View of /FigKernelScripts/get_families.pl

Parent Directory Parent Directory | Revision Log Revision Log


Revision 1.14 - (download) (as text) (annotate)
Tue Jul 22 18:32:04 2014 UTC (5 years, 4 months ago) by olson
Branch: MAIN
CVS Tags: rast_rel_2014_0912, HEAD
Changes since 1.13: +1 -0 lines
Clean up tempdir.

#
# This is a SAS Component
#


=head1 get_families

Generate protein families (of isofunctional homologs) using kmer technology.

------

Example:

    get_families -d Data.kmers -f Families/families -s Seqs.Fasta < genomes > families

This uses a Data.kmer directory built to support kmer_guts processing.
We suggest using the one in pubSEED (Global/Data.kmers).  The invocation causes a
set of "families" files to be generated in the existing Families directory.  They will all
be prefixed with the word "families.".  The final set of protein
families is written to STDOUT.

Seqs.Fasta is a directory that contains protein fasta files.  The file names
must be genome IDs.  Thus, it is assumed that 

    Seqs.Fasta/83333.1

would be the peg translations for E.coli (assuming that you wished E.coli
to be one of the genomes from which families get produced).

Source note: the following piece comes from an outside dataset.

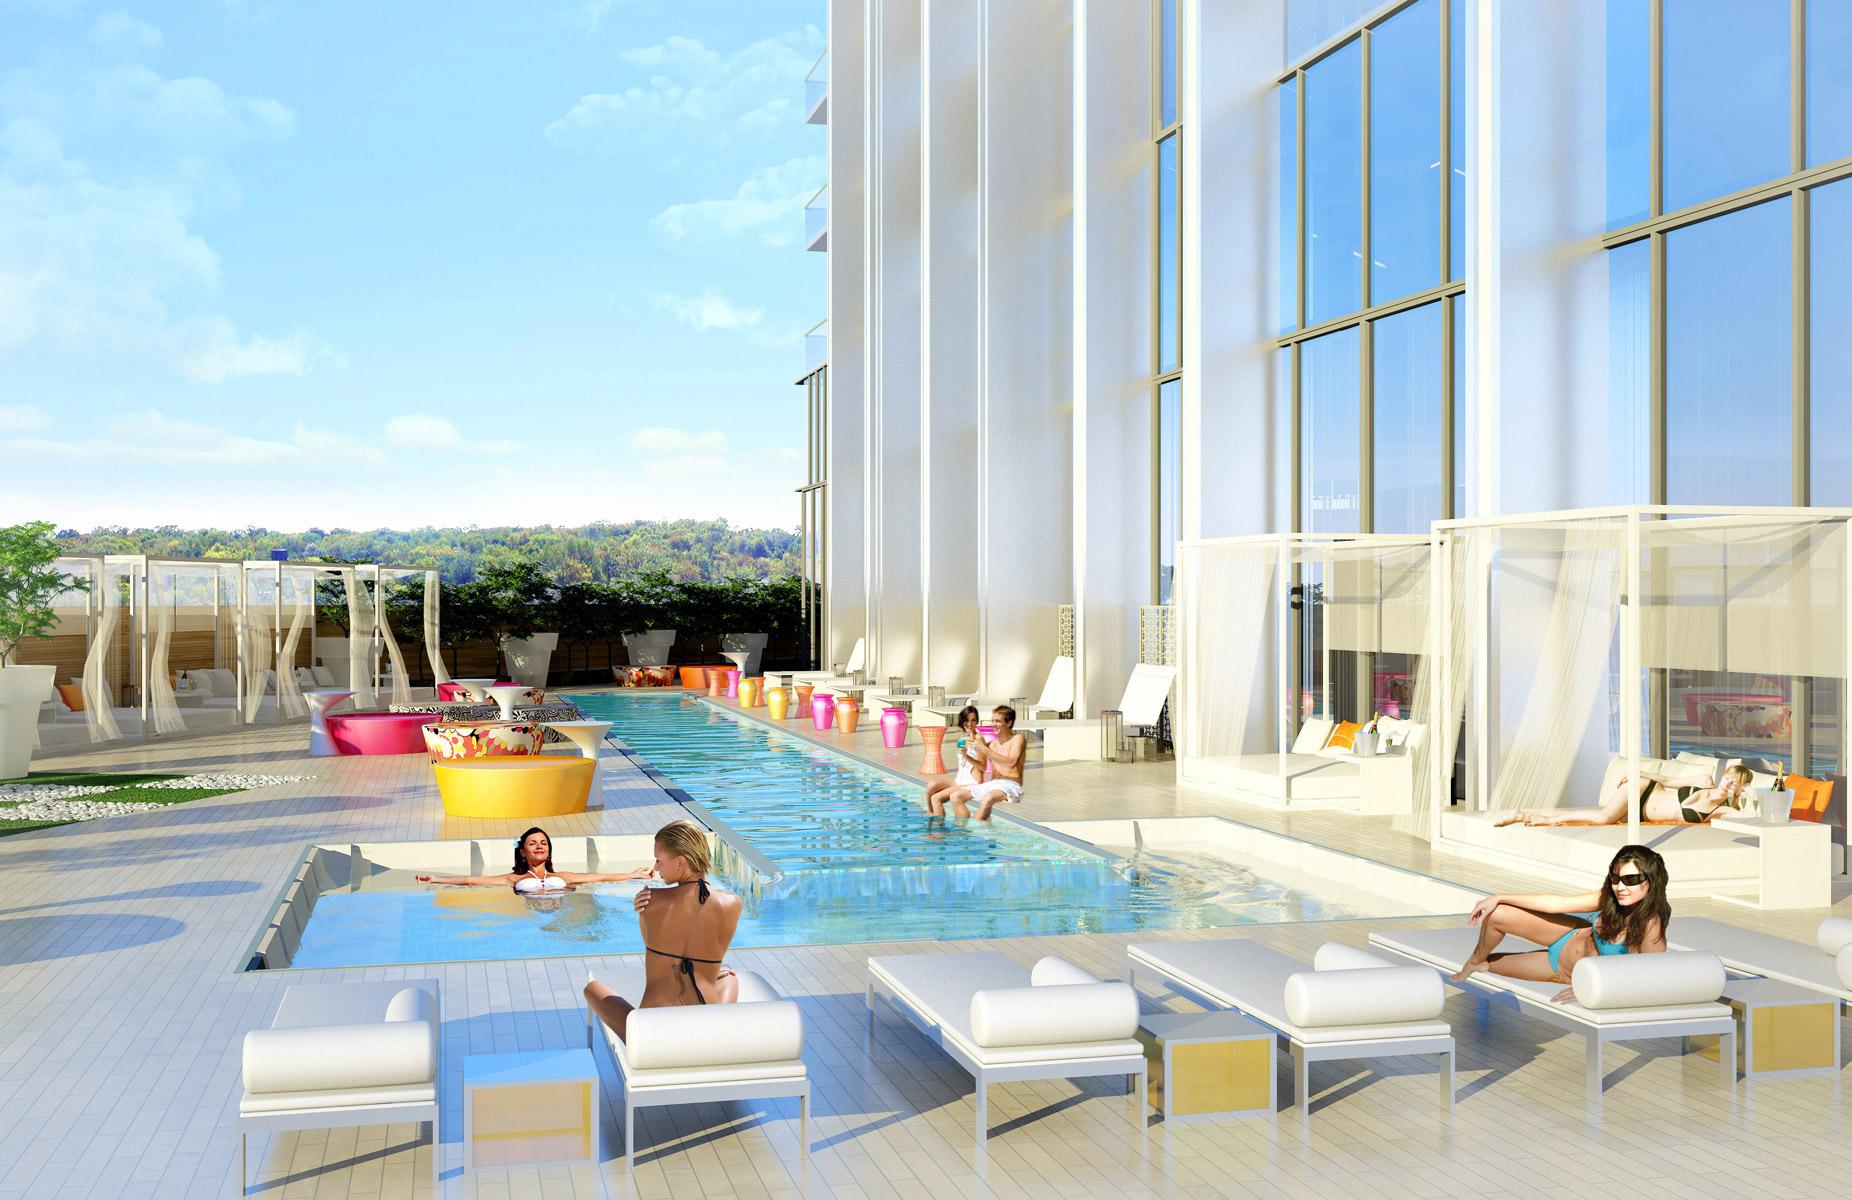 ... Kong Luxury Apartment Design. on home interior architecture design

The files in Seqs.Fasta used in constructing the families is determined
by the contents of STDIN (each input line contains just a genome ID to be included).
Each included genome must have a corresponding fasta file in Seqs.Fasta.

------

The standard input should be a file of genome IDs (an input line must end in
a genome ID (/\d+\.\d+$/)).  These will be the genomes from which families are constructed.

------

Now, let us summarize the steps used to generate the families.  We go through the following steps:

    1. the script get_families_1.pl runs all of the PEG translations from all of
       the genomes (specified in STDIN) through kmer_search, which uses kmers to attempt
       assignment of function.  Successfully called PEGs are written to tmp.$$.calls.  Those
       that were not assigned a function are written to tmp.$$.missed.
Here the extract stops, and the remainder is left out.